Temps mort

2009 - Film & Video (Film & Video)

18 min

Mohamed Bourouissa


The film called Temps Mort (Dead Time or Time Out) presents an exchange of short video footage assembled into one final edit. Remotely driven footage of daily life in prison, the banality of a sink, of a plant or a plate of pasta are offtset against scenes of life outside, in the streets of Paris, a night of love or seascapes. The dialogue between the inmate and the artist occurs by text messages and captures this exceptional situation of exchange, sharing et perhaps dependence. As the tie between the two men develops, the confrontation between life inside and out of those walls intensifies. Like his previous work, it is interesting to compare this with the documentaries screened in the general media about violence in the suburbs or in prisons.

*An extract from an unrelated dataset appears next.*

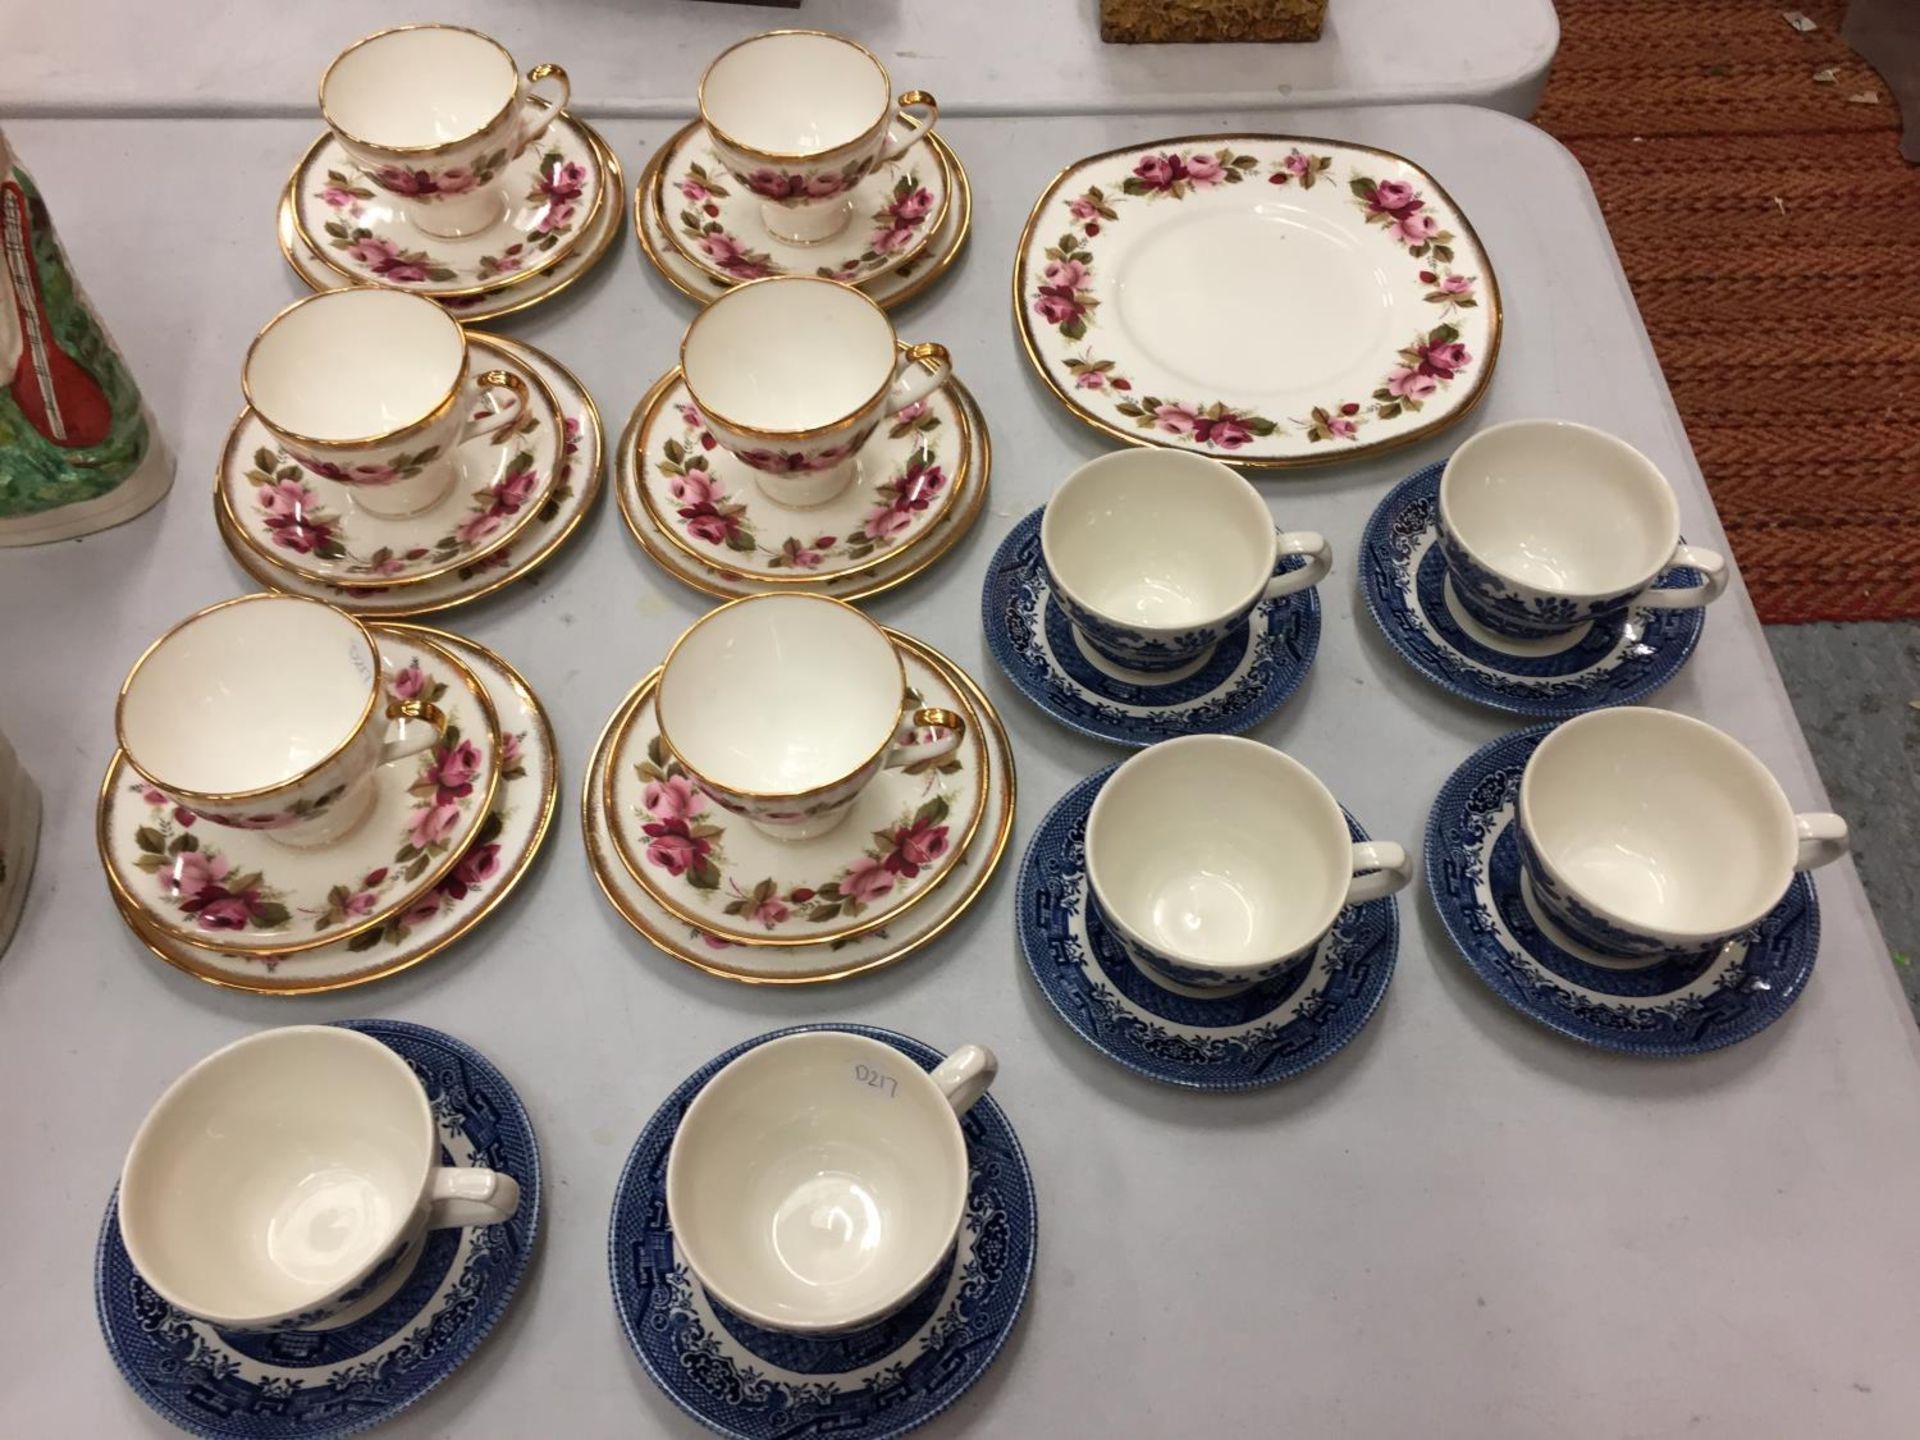 A SET OF SIX ELLIS SYKES FINE BONE CHINA TRIOS AND A SET OF SIX BLUE WILLOW PATTERN CUPS AND SAUCERS

Mohamed Bourouissa became known in the 2000s with a series of photographs on young people in the suburbs of Paris. His work later evolved into video, sculpture, and installation, but remained focused on issues related to immigration and the social-economic processes that lead to integration or exclusion. He describes contemporary society implicitly, by outlining its contours. With a critical take on the mass media image, the subjects of his photographs and videos are people left behind at the crossroads of integration and exclusion. Preceded by a long immersion phase, each of Mohamed Bourouissa’s projects builds a new enunciation situation.